– Все прошло не так уж плохо, – сказал Гарри. – Как ты думаешь, что они хотят нам сказать?
– Думаю, – сказала Кэтрин, – они предложат нам уехать куда-нибудь из Нью-Йорка, например, в Париж или еще куда-то, с какой-нибудь задачей, которая может обернуться прибыльной и достойной, если мы сможем ее выполнить, или прибыльной, унизительной и неприятной в ином случае.
– Ты же понимаешь, что я на это не пойду.

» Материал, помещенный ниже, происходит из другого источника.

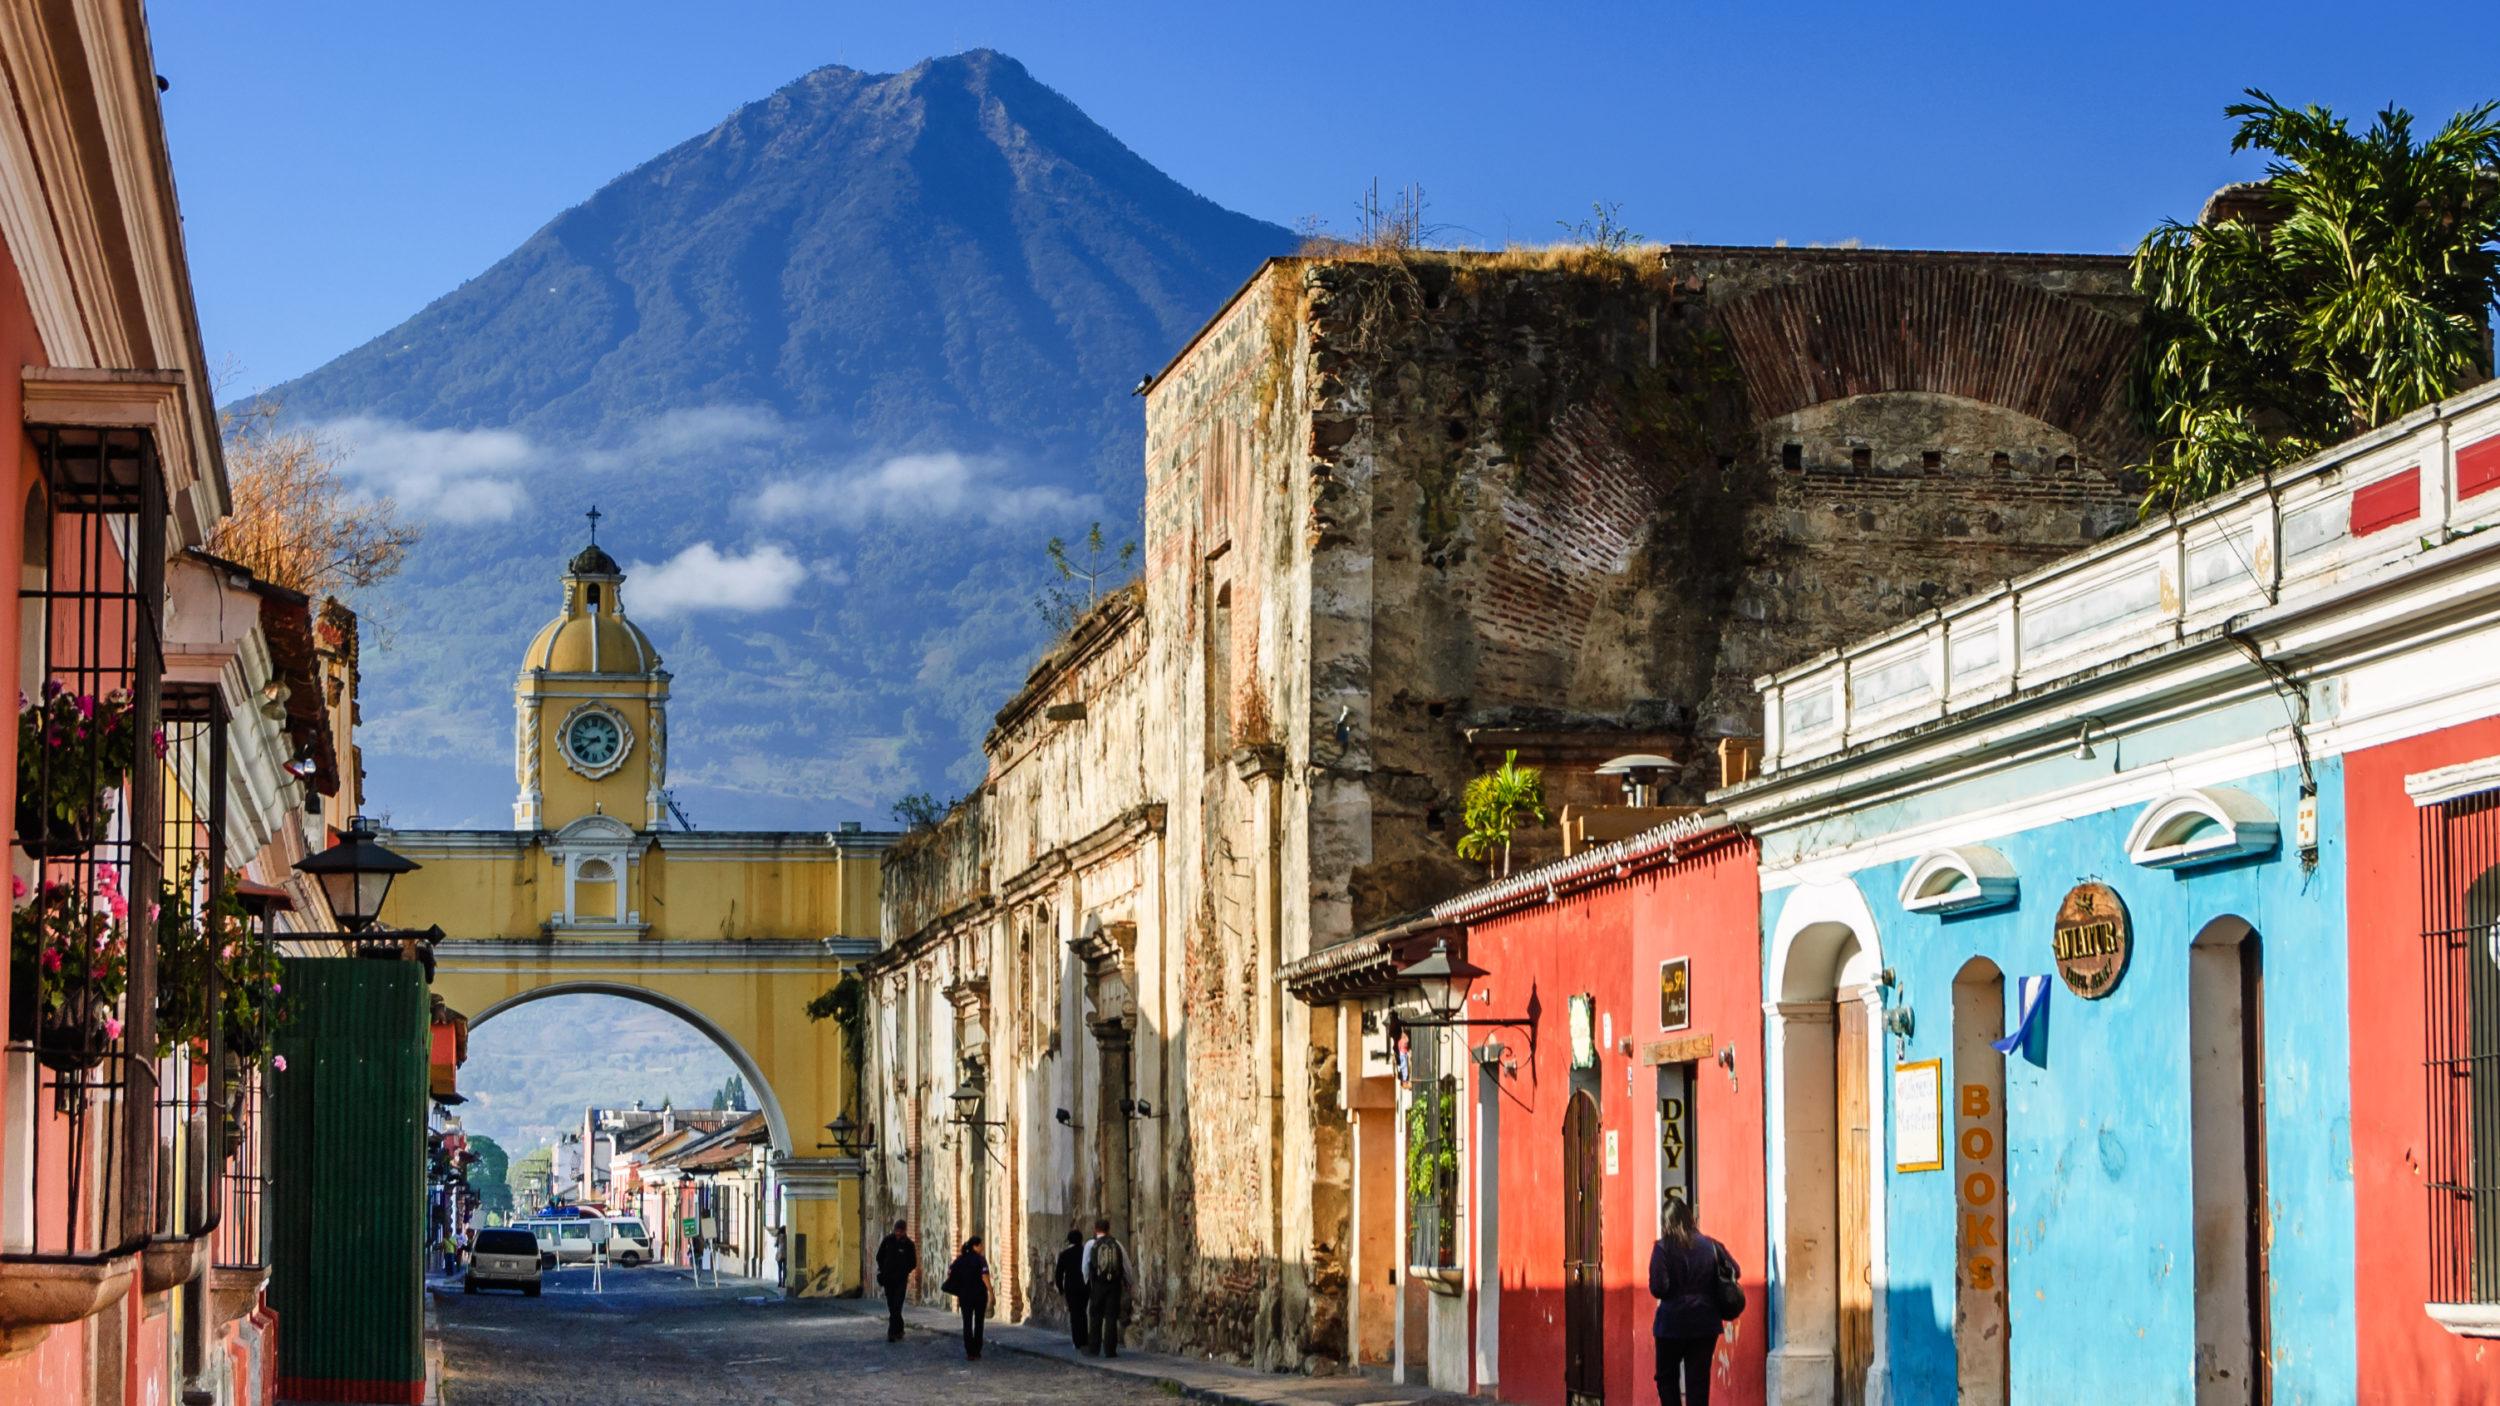 Guatemala [Shutterstock]
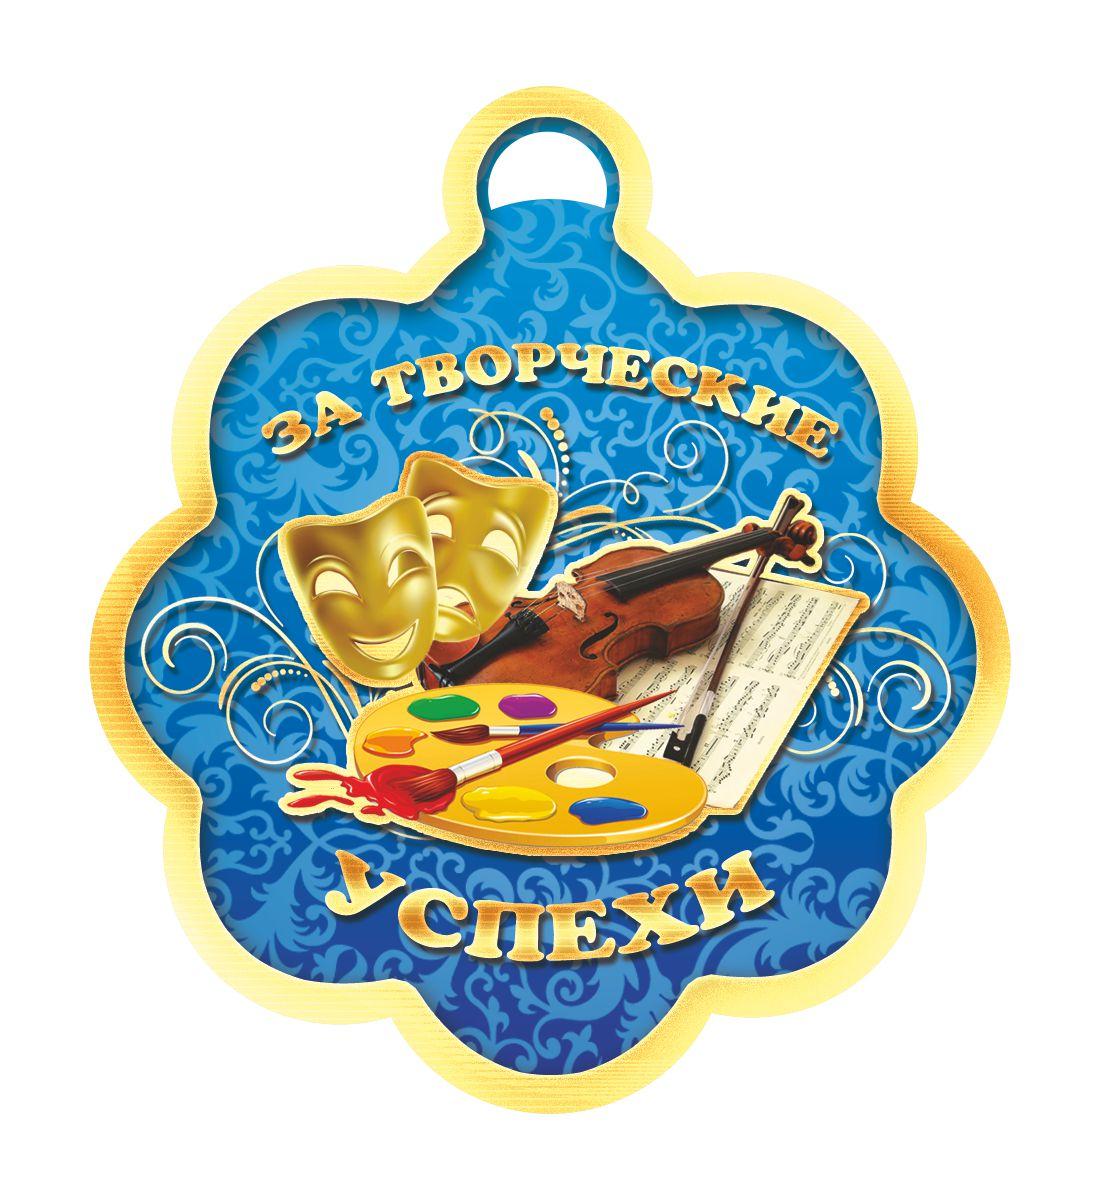 Открытка-медаль За творческие успехи1356Открыткой-медалью можно отметить и отличившегося школьника, и лучшего работника, и победителя соревнования. Прекрасный выбор для создания атмосферы праздника.

– Ты же понимаешь, что я тоже.
– Хорошо, – начал Билли. – Хорошо. Итак. Поздравляю. Не хотите ли десерт?
Он поднял брови.
– Мы уже съели десерт, папа, – сказала Кэтрин. Она заняла место у огня и скрестила ноги. Гарри сел рядом с Эвелин, по диагонали от Кэтрин, чтобы видеть ее. На Кэтрин был костюм из бежевого атласа, чулки с беловатым оттенком и жемчуг. Целуя ее, он не замечал деталей того, как она одета, чувствуя только сладость поцелуя. Ее привлекательность и умение подчеркивать достоинства своей внешности росли, и он предположил, что к тридцати годам они станут неодолимы. Самым великолепным было то, что она, лишь недавно начав осознавать свое могущество, еще только училась его использовать. Устоять перед ней, сидящей у огня, благоухающей, со скрещенными ногами, охваченными шелком, с украшениями, тихо позванивающими при малейшем ее движении, и с блестящими упругими волосами, было невозможно.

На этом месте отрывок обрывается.